Shane Gilmour, Senior Land Surveyor at McGarrell Reilly, talks with BIMIreland.ie about the surveying technologies and instruments that are changing the roles of the surveyor and site engineer.
Can you tell us about your career as a surveyor?
After completing a land surveying course at the University of East London, in 1980, my first job was on a large scale off-river water storage dam in Southern Zimbabwe. It involved the construction of a main earth wall of a height of 26m and 450m in length, two saddle dam walls of a height of 12m and each 750m in length together with a 3km pipeline and pump house. Since then I have always been involved in surveying in one way or another throughout my working life.
What major changes have you witnessed in instrumentation?
Instrumentation over the last decade has changed considerably from sighting through optical telescopes and using programmable calculators, with the surveyor/engineer having a good understanding of trigonometric functions and Pythagoras’ Theorem, to today’s satellite systems, robotic stations and CAD field software.
The past decade has seen a huge reduction in the use of large A1 size paper detailed drawings which you had to carry around with you in the wind and rain, to now using your mobile phone/tablet to access any detail you want to know. CAD has allowed files to move quickly from engineers to the mobile workforce in the field.
The surveyor/engineer always had to have an assistant to hold the prisms/staff/poles and tapes called a ‘chainman’. These days you can work on your own and at greater speed, thus reducing costs and being more productive. Human errors have also been reduced with the introduction of the modern systems.
New instruments are increasing accuracies and speeding up the time spent in the field. Global Navigation Satellite Systems (GNSS) have made life a great deal simpler, allowing you to locate your exact position anywhere and at any time with the RTK (real time kinematic) receiver.
The hybrid systems which combine GNSS positioning with the Robotic Total Station allow you to move from one system to another achieving accuracies of 5mm. McGarrell Reilly sites use Topcon’s DS Series auto-tracking/Robotic Total Stations, combined with the Hiper SR RTK receiver.
The European Galileo satellite navigational system will increase the satellite coverage overhead and thus further increase accuracies. The end result of all this can be seen by the rapid pace of development around Dublin city.
How are these changes influencing your work at present and how do they change the surveyor’s role?

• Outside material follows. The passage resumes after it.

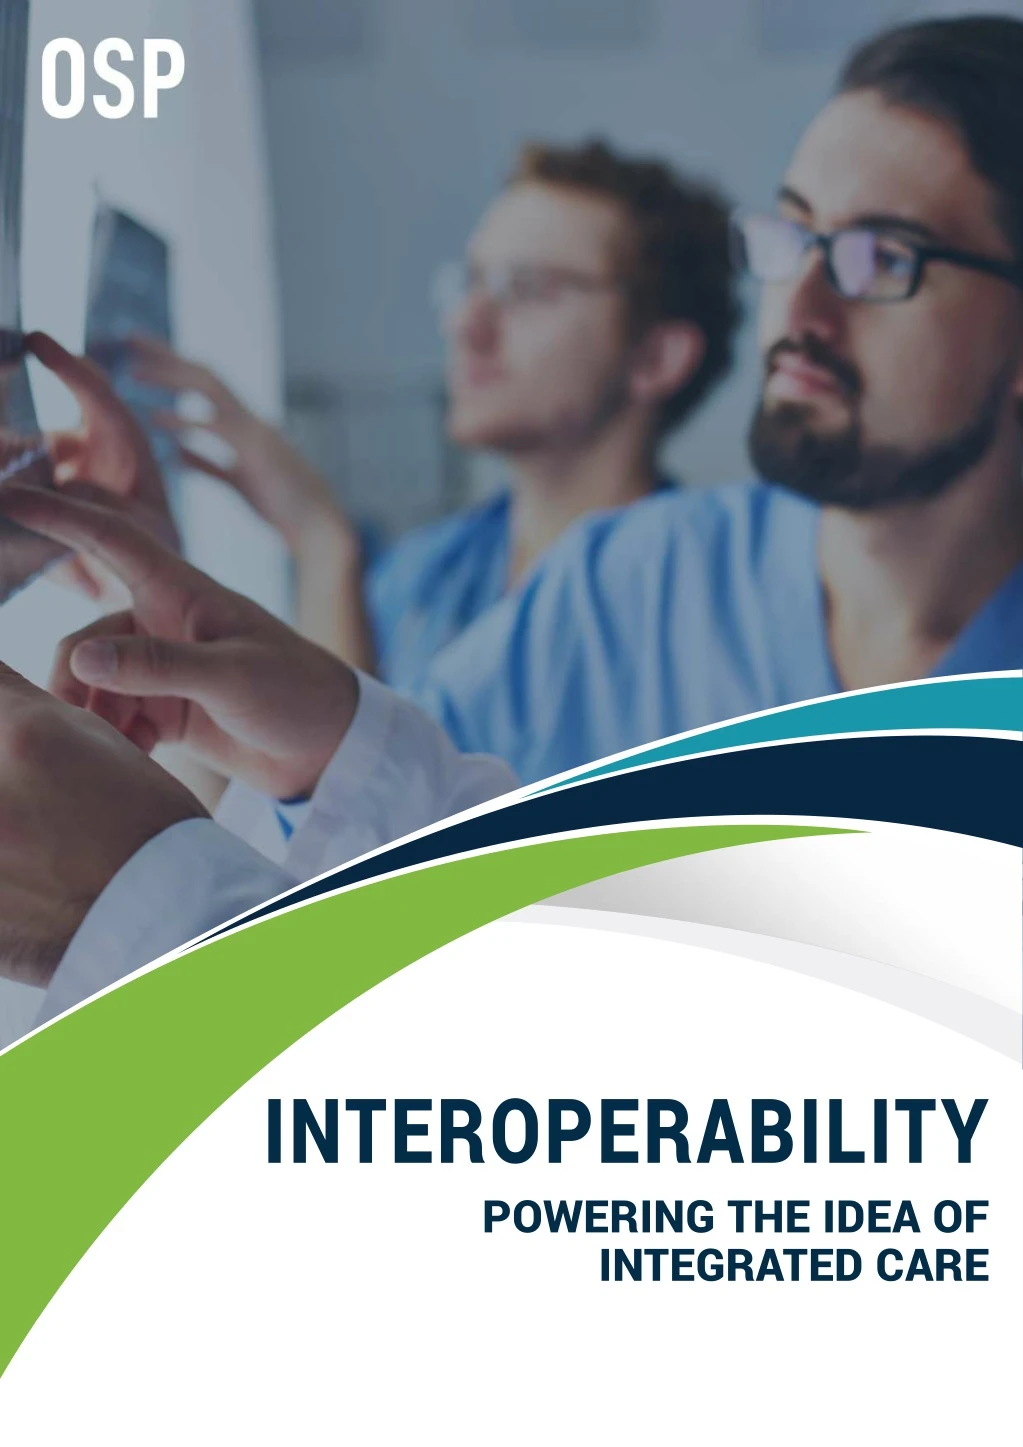 interoperability powering the idea of integrated

On the housing development I am currently on, I have been able to set out over 60 houses in a little over 3 weeks. I had never achieved that before. The new setting-out systems have made it easy, for young engineers/surveyors coming through into the workplace. Their numerical skills and mental arithmetic ability appear weak. However, they are generally good on the software side and pick up the systems quickly.
The old faithful ‘dumpy’ level still has its uses and its accuracy is guaranteed. New self-levelling graded lasers and the pipe laser have made the life of ground workers far easier to maintain accurate levels and gradients.
What other new technologies are improving accuracy on site?
Drones are already starting to play an important role and are currently used in the calculation of volumes of stockpiles on many sites. Scanners can scan buildings and are practically useful in restoration work on listed buildings. Road scanners are also able to detect depressions or changes in surface heights with their locations while driving along.